1th Commandment
Title: “I. Thou shalt have no other gods before me”
Type of work: Conscious Abstraction
Project: “Covenant”
Technique of Realization – Light Painting
Year: 2024
“This is the first work created in the language of Conscious Abstraction, and therefore its edition exists only in a single copy + 1 AP (an exhibition copy used for competitions and shows, which cannot be sold).”
At this stage of my career, I don’t want to sell this painting.
Limited Collector’s Photography, archival pigment print on photographic paper of the highest quality, meeting museum longevity standards.
Hand-applied numbering and author’s signature. A dedicated Certificate of Authenticity is attached to the work. It is available in a pool of up to a single copy of 1200 x 800mm and has the status of a work of art.
This work, part of the series Decalogue – Conscious Abstraction, undertakes a critical examination of the notion of spiritual loyalty, alienation, and ethical choice within the existential condition of the modern subject, who negotiates between inner authenticity and the multiplicity of external influences. Employing the methodology of Conscious Abstraction, the piece does not aim to illustrate religious doctrine, but rather to generate a dynamic spiritual tension—an ontological interplay between the unity of self and the fragmentation implied by competing values and authorities.
Central to the work is an exploration of perceptual thresholds: how the viewer locates or loses the “center” within the visual field. The dialectic between concentrated and diffused light functions as a metaphorical inquiry into contemporary spiritual orientation—inviting reflection on the locus of our “God,” or ultimate referent, in a pluralistic cultural landscape.

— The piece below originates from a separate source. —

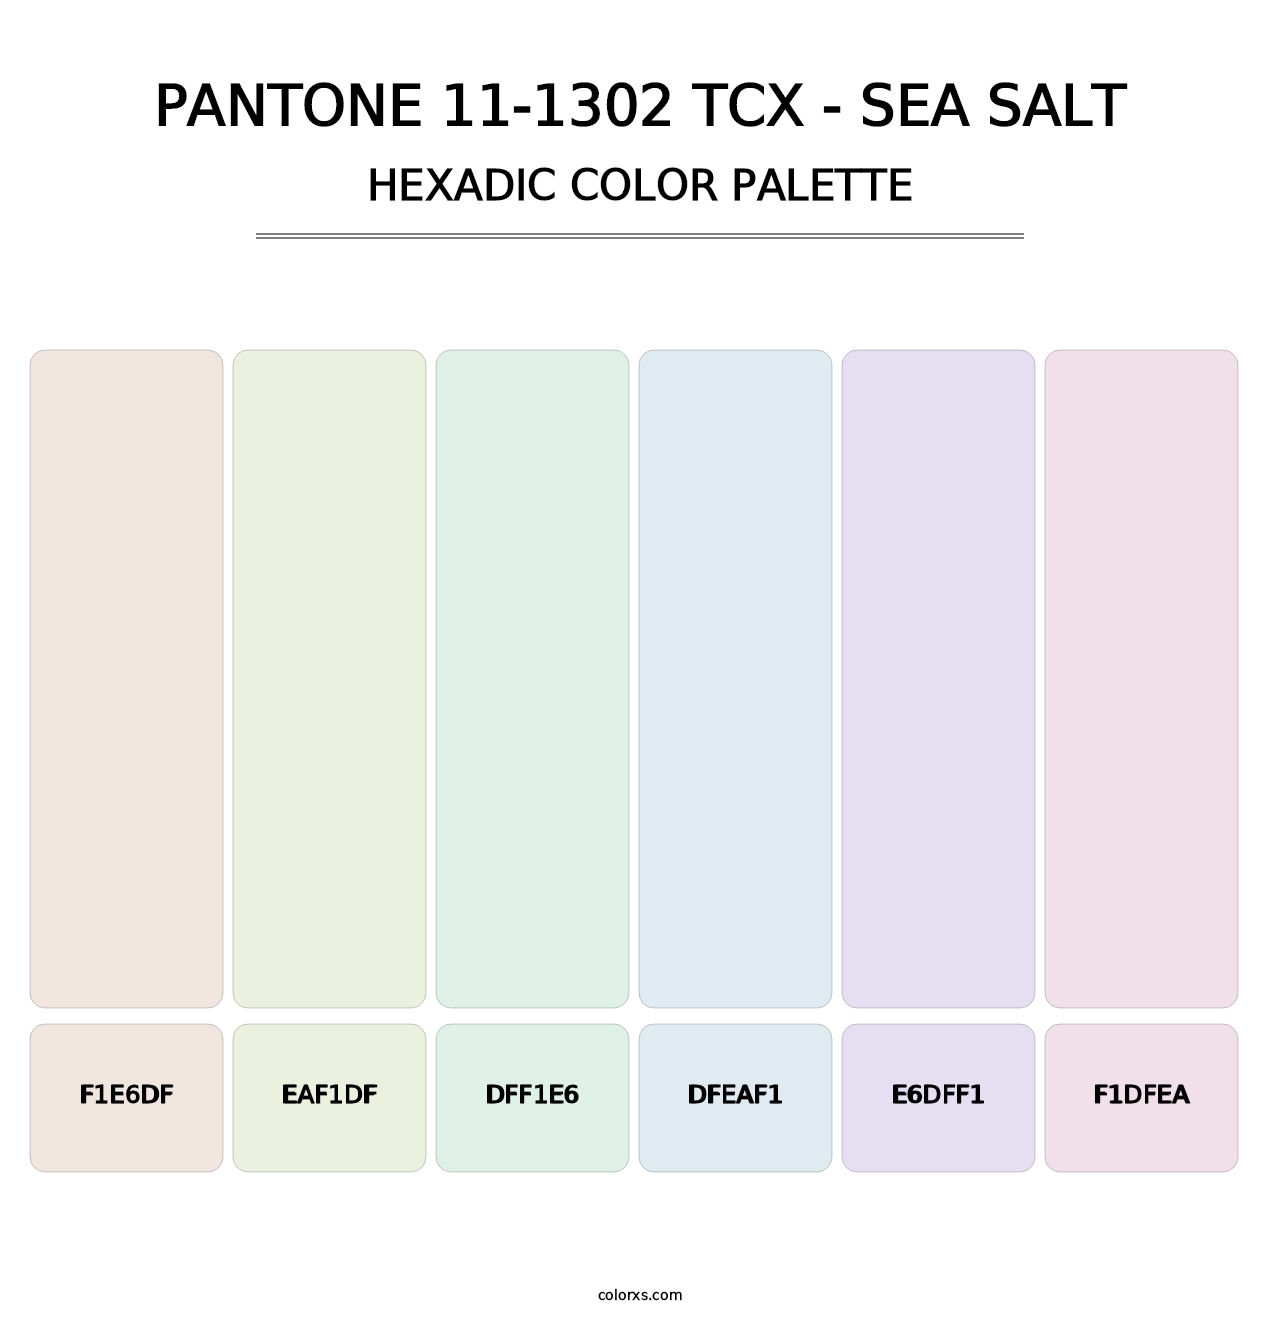 PANTONE 11-1302 TCX - Sea Salt - Hexadic Color Palette

Formally realized through light painting, the artwork employs light as an intentional agent of meaning-making. Each gesture and flash is calibrated to embody a particular state of consciousness, making the act of creation a performative negotiation of presence and absence. By eschewing explicit religious iconography, the abstraction transcends doctrinal specificity, reframing the commandment as a universal ethical meditation on the human condition: the ongoing choice between enduring truth and illusory multiplicity.